Post by atarkri » 14 Feb 2011, 19:35

Two things, first a bit of code and then some general discussion.

Thanks to blender's posting of his binarization code, I was able to write up a procedure to extract the slope of the laser line at each point:

Code: Select all

#!/usr/bin/env python

import os, sys, math
import cv
import Image, Gnuplot

imagePath = sys.argv[1]
thresh = float(sys.argv[2])
crease_guess = int(sys.argv[3])

#image = cv.LoadImage(imagePath)
raw_image = cv.LoadImageM(imagePath)
rows = cv.GetSize(raw_image)[1]
cols = cv.GetSize(raw_image)[0]

channelG =          cv.CreateMat(rows, cols, cv.CV_8UC1)
channelB =          cv.CreateMat(rows, cols, cv.CV_8UC1)
imageSubtracted =   cv.CreateMat(rows, cols, cv.CV_8UC1)
imageMorph_close =  cv.CreateMat(rows, cols, cv.CV_8UC1)
tmp =               cv.CreateMat(rows, cols, cv.CV_8UC1)
imageThreshold =    cv.CreateMat(rows, cols, cv.CV_8UC1)

#cv.Split(raw_image, cv.CreateImage(cv.GetSize(raw_image), 8, 1), channelG, channelB, None)
cv.MixChannels([raw_image], [channelG, channelB], [(1, 0), (2, 1)])

cv.Sub(channelG, channelB, imageSubtracted)

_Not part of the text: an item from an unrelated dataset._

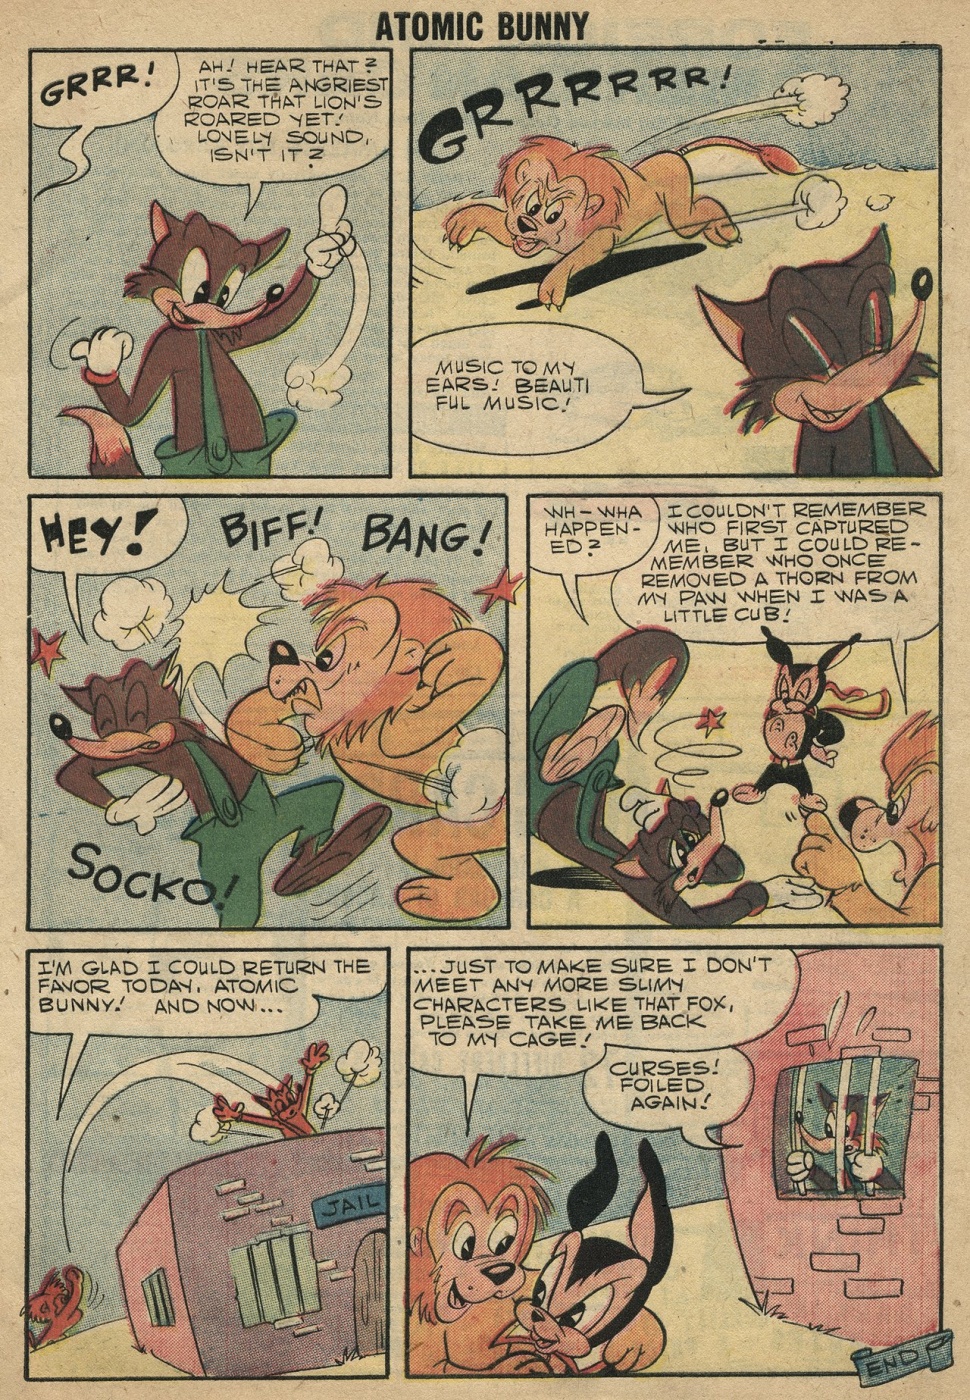 Atomic-Bunny-Comic-Strips (33)

cv.MorphologyEx(imageSubtracted, imageMorph_close, tmp,
  cv.CreateStructuringElementEx(3, 3, 1, 1, cv.CV_SHAPE_RECT), cv.CV_MOP_CLOSE, 10 )

cv.InRangeS(imageMorph_close, cv.Scalar(thresh), cv.Scalar(255), imageThreshold)

image = Image.fromstring('L', cv.GetSize(imageThreshold), imageThreshold.tostring())
pixels = image.load()

#data = [] # why only use one array...?
top_curve = []
btm_curve = []

for x in xrange(image.size[0]):
  for y in reversed(xrange(image.size[1])):
    if pixels[x, y] == 255:
      #data.append(y) # finds the first from the bottom
      btm_curve.append(y)
      break
 
  for y in xrange(image.size[1]):
    if pixels[x, y] == 255:
      #data.append(-y) # finds the first from the top
      top_curve.append(y)
      break

#
## Separate the image into two halves, on either side of the middle crease
#

# The crease will be the lowest point between the two peaks
# TODO: implement a proper simulated annealing algorithm, or other local min search
creases = [top_curve[crease_guess], btm_curve[crease_guess]] # initial guess for CIMG0918.JPG
crease_indexes = [crease_guess, crease_guess]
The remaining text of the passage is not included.